Purpose of the Study:
- To investigate how people evaluate the likelihood of an interaction between two causal candidates (A and B) leading to an effect.
- To determine which types of evidence (confirmatory vs. disconfirmatory) and occurrence rates most influence these interaction judgments.
Main Methods:
- Two experiments were conducted where participants judged the extent to which an effect could be attributed to an interaction between two causal candidates.
- Experiment 1 manipulated the proportion of confirmatory instances while holding objective contingency constant.
- Experiment 2 manipulated the occurrence rate of the effect under different combinations of candidate presence/absence.
Main Results:
- In Experiment 1, judgments were influenced by the proportion of confirmatory instances, with positive instances (both causes present, effect occurs) being more influential than negative instances (both causes absent, effect absent).
- In Experiment 2, the occurrence rate of the effect when both candidates were present most strongly determined interaction judgments.

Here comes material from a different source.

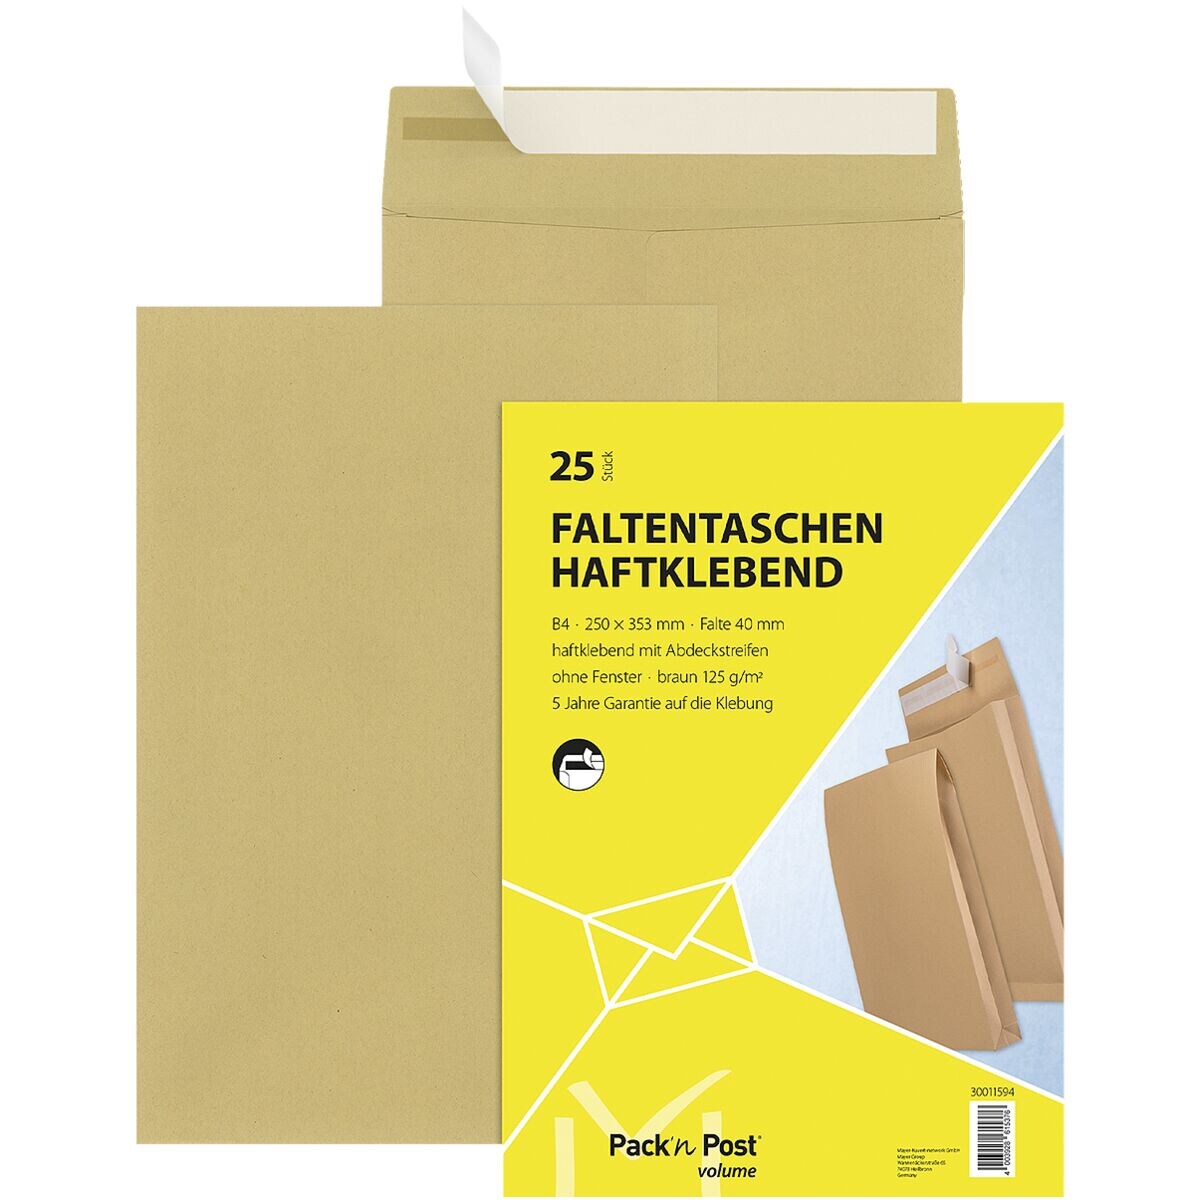 Mailmedia 25 zak-enveloppen met sta/blokbodem , B4 zonder venster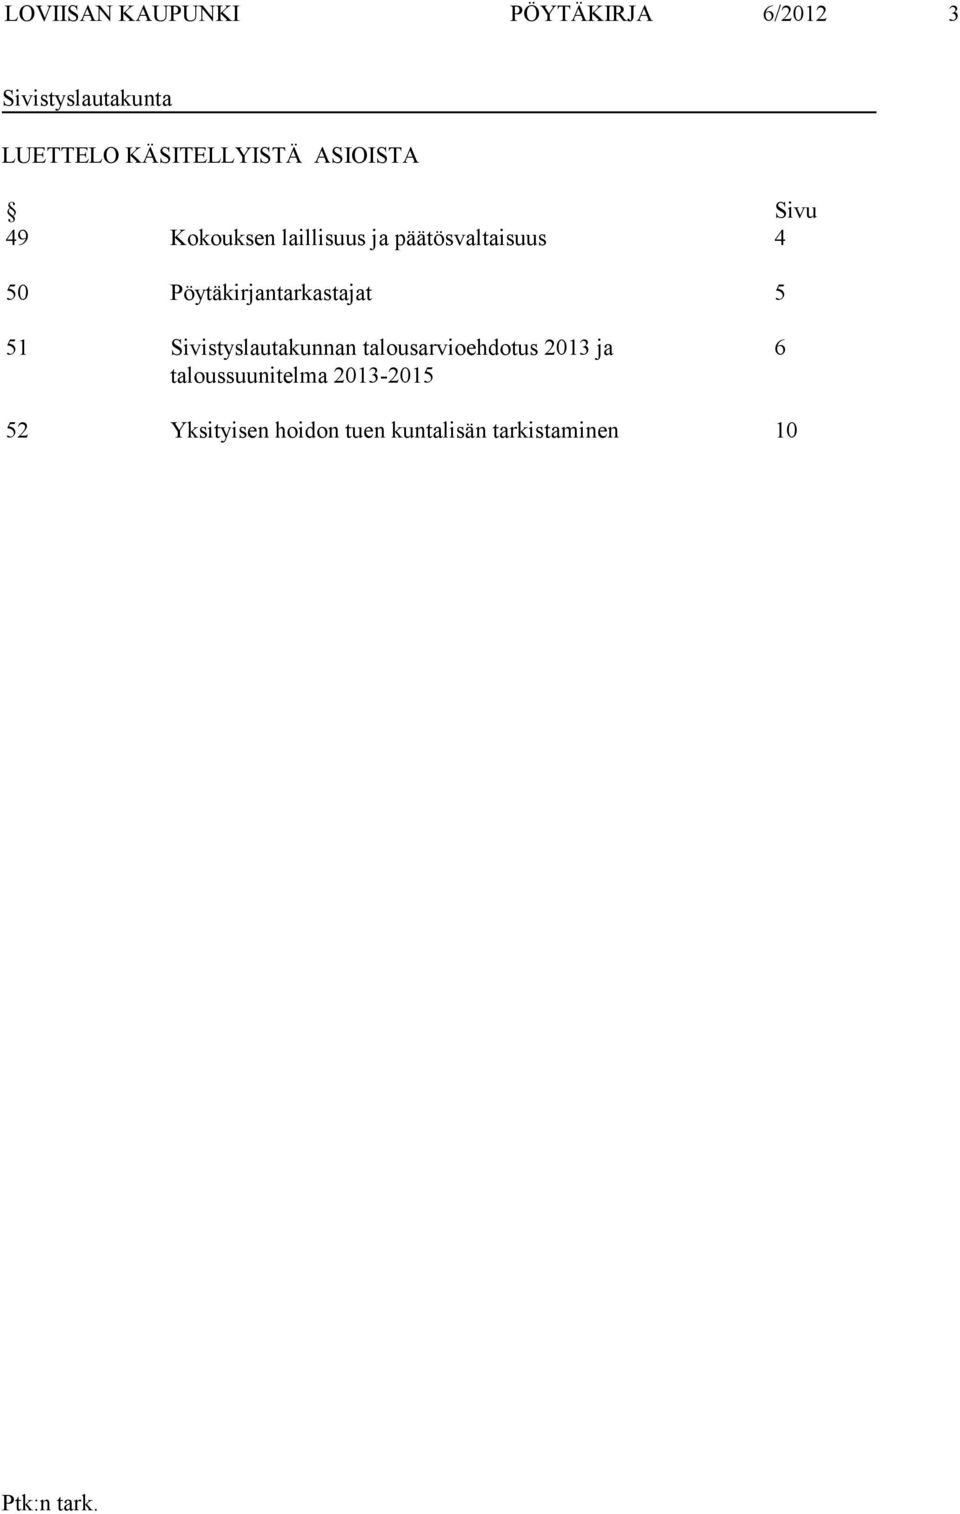 50 Pöytäkirjantarkastajat 5 51 Sivistyslautakunnan talousarvioehdotus 2013

- The occurrence rate when both candidates were absent also had a significant effect, but isolated candidate presence had no significant impact.
Conclusions:
- Causal judgments, particularly regarding interactions, appear to be guided by a general model where individuals assess the proportion of instances supporting a given interpretation.
- The findings highlight the importance of specific evidential patterns and occurrence rates in shaping attributions of interactive causality.